Как всегда пунктуальная, Люсьена явилась минута в минуту. Вот она открыла дверь в коридор, вот вошла в приемную и запела что-то ломким, как у юнца, голоском. Я шагнул было к двери, но тут же замер. В ушах у меня вдруг до боли явственно прозвучали те самые слова, которые я сказал Люсьене в прошлый раз: «Будьте уверены, он выложил мне все подробности. Я не стану повторять вам всего, что он рассказал. Есть границы, которых я не могу переступить. А для этого вашего Серюзье, да будет вам известно, никаких границ вообще не существует». Люсьена не могла не поверить всему этому, и меня пронзил жгучий стыд. Я спрятал в карман свежий букетик фиалок и был бы рад спрятаться сам, как тогда, в первый день метаморфозы, в чулан или за дверцу шкафа. Единственная надежда — на Жюльена Готье: может, он успел поделиться с Люсьеной предположением о том, что Ролан Сорель нашел и прочитал дневник Серюзье. А в том, что человек пишет о таких вещах сам для себя, нет ничего предосудительного. Вот только вряд ли Люсьена поверит в существование такого дневника. Жюльен, как мужчина, готов допустить любую логически оправданную версию. Но не Люсьена. Она наверняка первым делом подумала бы, насколько это практически осуществимо. Ей известно, что держать такой интимный дневник дома я никак не мог, а если бы писал его на работе, она бы обязательно знала об этом или, по крайней мере, обратила бы внимание на необычность моих занятий и теперь могла бы вспомнить: «Ах, вот оно что, теперь я понимаю…» Кроме того, она отлично знает, что я вообще не такой человек, чтобы вести дневник. Жюльен тоже знает, но не принимает в расчет. И все-таки мне хотелось надеяться, что она не совсем отбросит это оправдывающее меня объяснение. Так или иначе, но к тому моменту, когда Люсьена открыла дверь кабинета и, напевая, переступила порог, я почти справился с собой и встретил ее вполне непринужденно. Придя в себя от первого изумления, Люсьена сказала, что рада моему возвращению, и мы поздоровались за руку. Еще в машине, по пути на улицу Четвертого Сентября я, расчувствовавшись, представлял себе, как Люсьена бросится в мои объятия, но с первой же минуты понял, что в ее поведении со мной что-то переменилось. Правда, она улыбалась, но не потому, что рада снова видеть меня, а потому, что я жив и здоров и, значит, можно больше обо мне не беспокоиться. Мне даже показалось, что она всячески старается держаться от меня подальше.

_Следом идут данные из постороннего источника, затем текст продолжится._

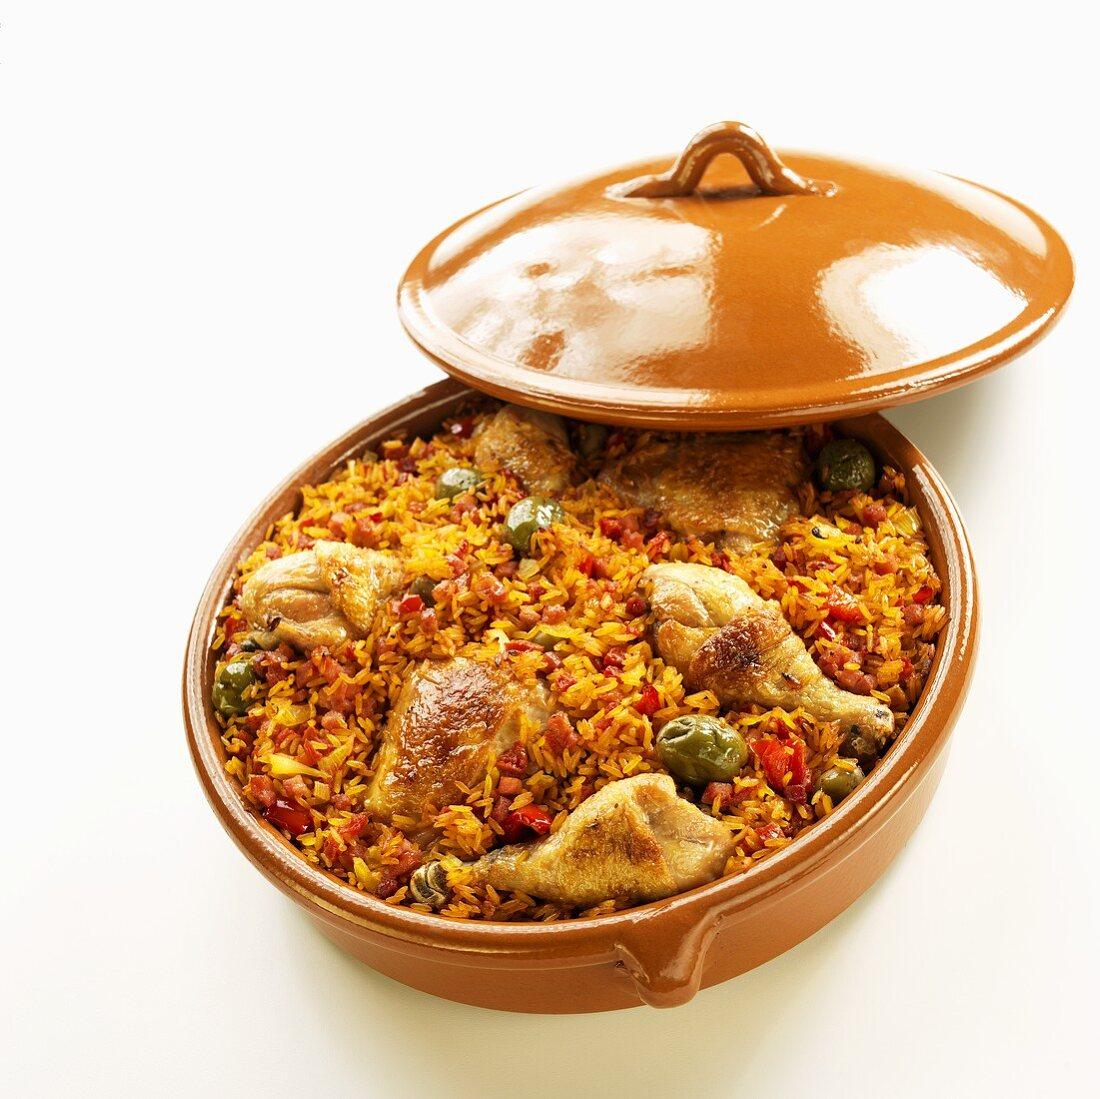 Arroz con Pollo; Latin Rice with Chicken

В то же время она была непритворно сердечна. В ее ясных, не умеющих лгать глазах не было и тени упрека или недоверия, хотя иногда она, словно чего-то внезапно смущаясь, запиналась и краснела. Кое-как закруглив, так сказать, приветственную часть, мы поскорее перешли к делам. Тут уж всякая неловкость исчезла. Я даже решил, что первые минуты были так тягостны только из-за моей собственной робости и недавнего смущения, и собрался высказать наконец Люсьене то, о чем не переставал думать с тех пор, как заявил жене, что не всегда буду ночевать дома. Увы, помешала госпожа Бюст, явившись с опозданием на добрых полчаса. Она поспешила ко мне с приветствиями и извинениями. Люсьена, направляясь в комнату к машинистке, сказала, чтобы я позвонил Жюльену Готье.

— Вы ему срочно нужны. По весьма важному делу.

Я удивленно посмотрел на нее, разыгрывая недоумение.

— Дело и правда очень важное, — сказала Люсьена.

— Значит, вы в курсе?

— Да, господин Жюльен Готье говорил, но мне бы не хотелось самой объяснять вам, о чем идет речь. Я могу что-нибудь не так сказать, а вы — не так понять. Он ваш друг, пусть лучше он вам обо всем и расскажет.

— Что ж, ладно. Пойду к нему прямо сейчас. Узнайте, пожалуйста, дома ли он.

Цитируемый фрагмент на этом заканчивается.